Trigger-based marketing offers marketers brand-new possibilities in data-driven customer management. Individual events, so-called triggers, serve as activators for personalized marketing activities. The following article examines the different types of trigger marketing and shows why trigger marketing is relevant for customers and businesses.

Key points

  • Trigger-based marketing focuses on the customer as an individual rather than being part of a non-specific customer group.
  • The objective of trigger marketing is to reach the customer at the right time on the right channel and with the best possible customized message.
  • Companies can increase customer satisfaction and loyalty as well as their conversion rate and ROI by using trigger-based marketing.

The definition of trigger-based marketing:

Trigger-based marketing is, informally stated, the advanced state of conventional marketing campaigns using automation technology and big data. Here is an example: Instead of showering all customers simultaneously with a newsletter, as was done in the past, trigger-based marketing focuses on individualization. Each customer or prospective customer receives the right message for him or her at the right time and on the best channel. Each marketing action must be activated by a so-called trigger – for example, after a customer subscribes to a newsletter or makes a name change. This approach takes far less effort with automation marketing than it sounds – as long as you use the right software.

Trigger-based lifecycle campaigns have a conversion rate that is about 10% higher than the conversion rates of comparable batch push campaigns that send the same advertisement to all users via a push message. (Blueshift Study, 2020)

The four types of triggers in trigger-based marketing

Trigger-based marketing hinges on specific actions customers take or on events occurring in their lives, which, in turn, trigger appropriate marketing actions. The triggers – i.e., the activators – can be very different. Marketing experts mainly distinguish between four types of triggers.

1. Recurring triggers

The most accessible trigger relies on specific fixed dates a company has for a customer, such as the date of birth. They take this birthday as an opportunity to contact a customer, for example, by sending a particularly desirable birthday offer. Companies can also use other relevant (life) events as starting points for trigger-based customer journeys: a child’s 18th birthday, a wedding, a move, a particular holiday, the first snow, the beginning of spring, etc. Creativity has no limits.

Example: An insurance company offers its existing customers in a particular age cohort private pension insurance and explains why they recommend purchasing such insurance at that particular time.

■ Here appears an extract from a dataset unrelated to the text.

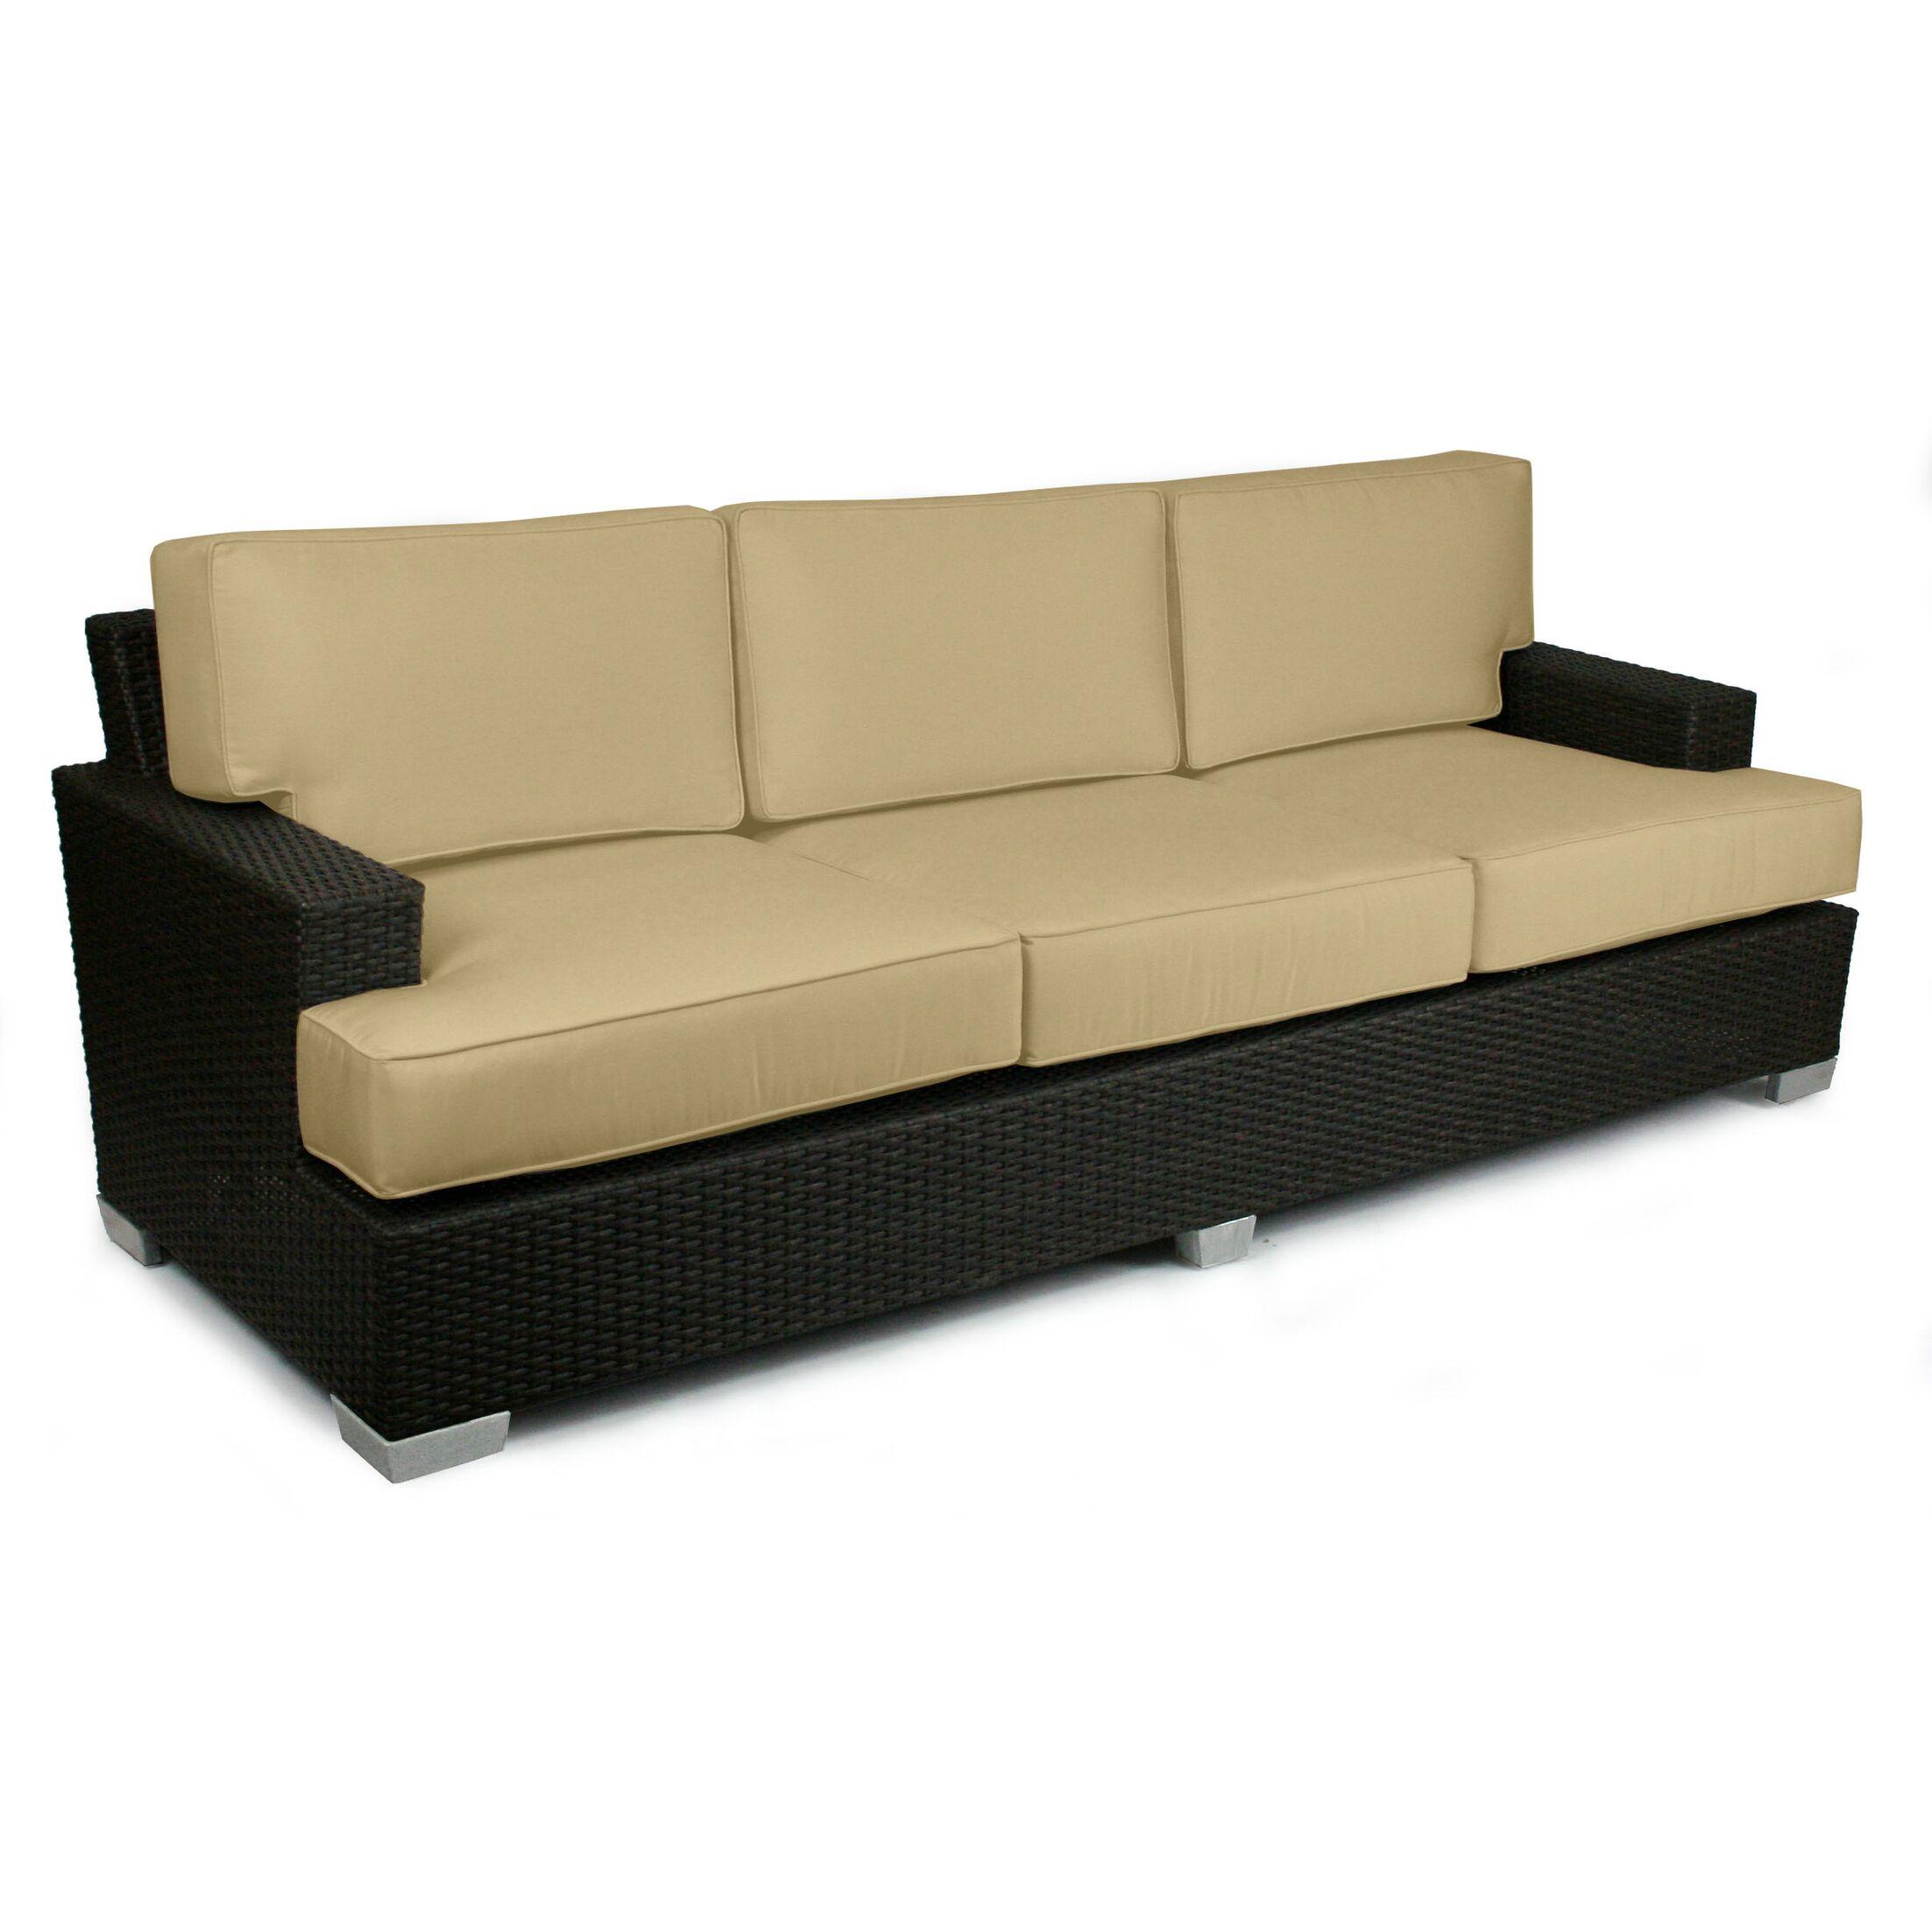 Signature Sofa with Cushions Fabric: Dijon

2. Threshold-based triggers

This type of trigger sets off campaigns when certain thresholds are exceeded, for example, if a customer has gone beyond a certain sales threshold or if there has not been any sales activity in the customer’s account for some time.

Example: A bank has access to its customers’ account transactions. An e-mail is triggered to propose certain investments to customers with a specific account balance if they seem to have savings that could be invested.

3. Transactional triggers

Triggers based on specific customer actions have become the norm, particularly in online stores. These actions include purchases and shopping cart abandonment or a customer repeatedly spending time on a particular product page.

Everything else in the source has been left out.